SAN DIEGO, Feb. 26, 2019 — Adamis Pharmaceuticals Corporation (NASDAQ: ADMP) today announced that it has received a Refusal to File letter from the United States Food and Drug Administration (FDA) regarding its New Drug Application (NDA) for its sublingual tadalafil product. As previously announced, on December 28th, 2018, Adamis submitted an NDA for fast-disintegrating sublingual tadalafil (APC-8000) with the FDA for the treatment of erectile dysfunction (ED).

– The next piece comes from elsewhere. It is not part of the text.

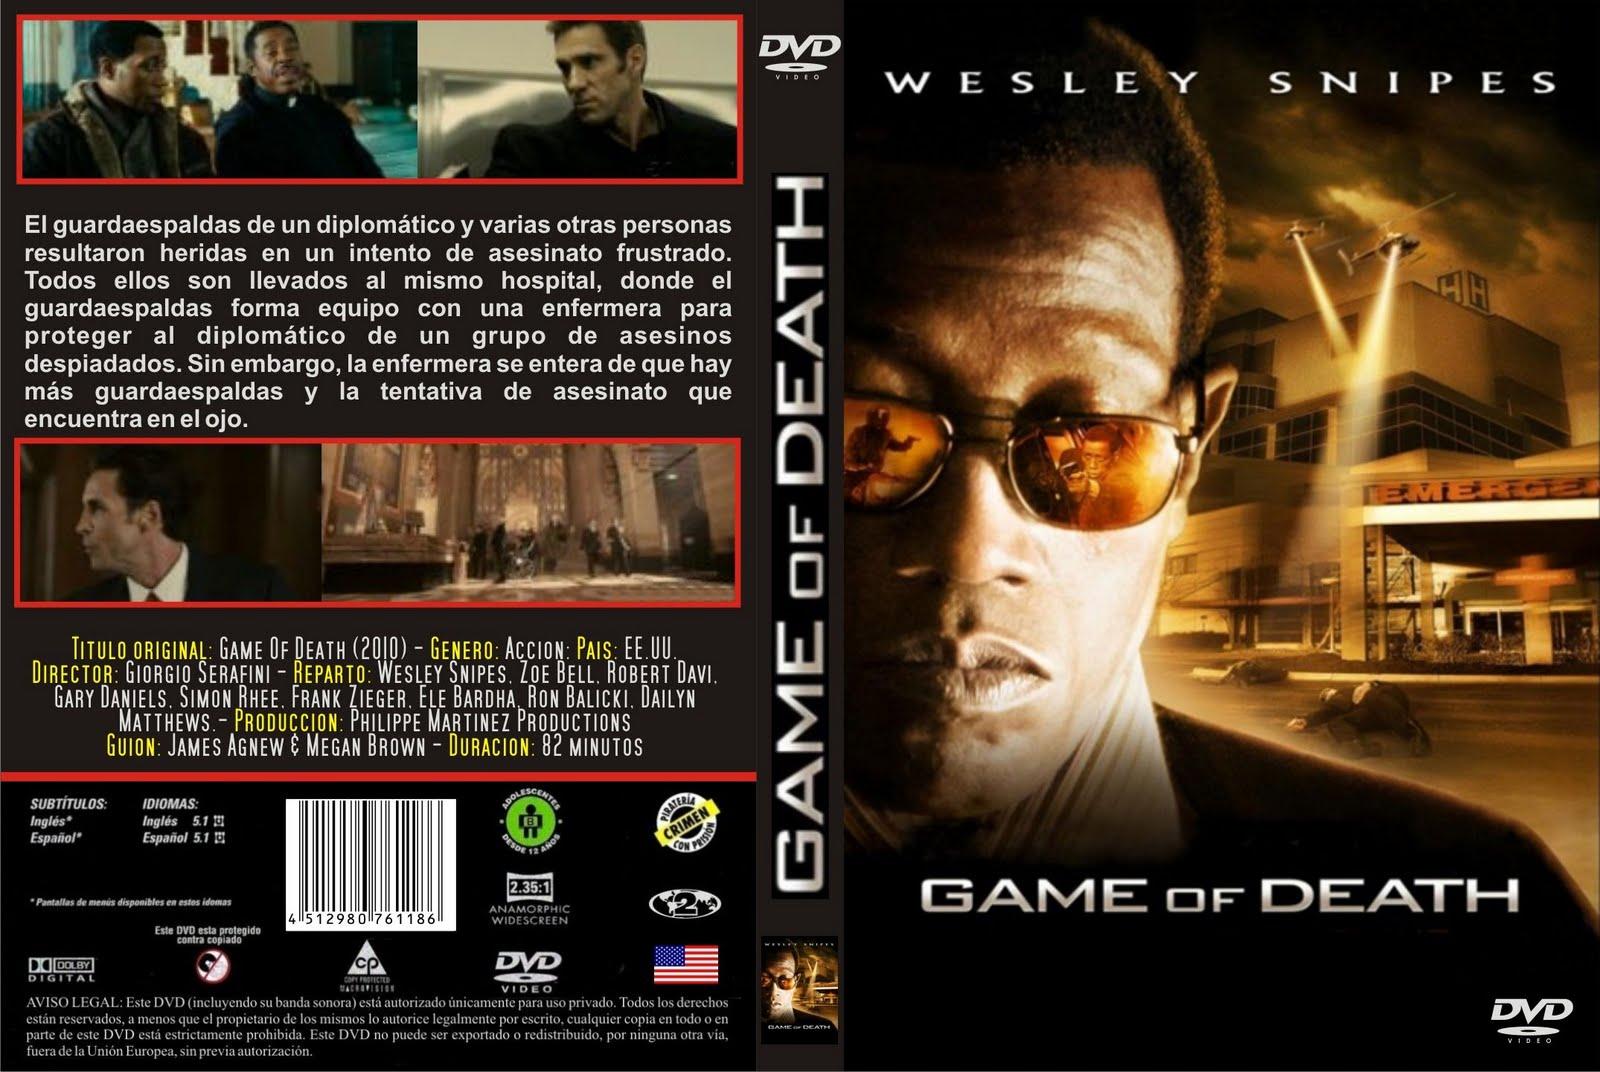 http://4.bp.blogspot.com/_R8FMZIDmtTY/TSsE6R5F2dI/AAAAAAAADFg/PP_VJEB36ew/s1600/Game_Of_Death_-_2010_-_Custom_por_jonander1_%255Bdvd%255D_80.jpg

Upon its preliminary review, the FDA determined that the submitted NDA was not sufficiently complete to permit a substantive review. The FDA requested that Adamis supplement and include in a resubmitted NDA (i) longer real-time (versus accelerated) stability data and (ii) additional dissolution data for both the clinical and registration batches. Adamis may seek immediate guidance from the FDA, including requesting a Type A meeting, to discuss the letter with the agency and seek additional guidance concerning information, data and specific deliverables that the agency would require for a resubmitted NDA to be deemed complete.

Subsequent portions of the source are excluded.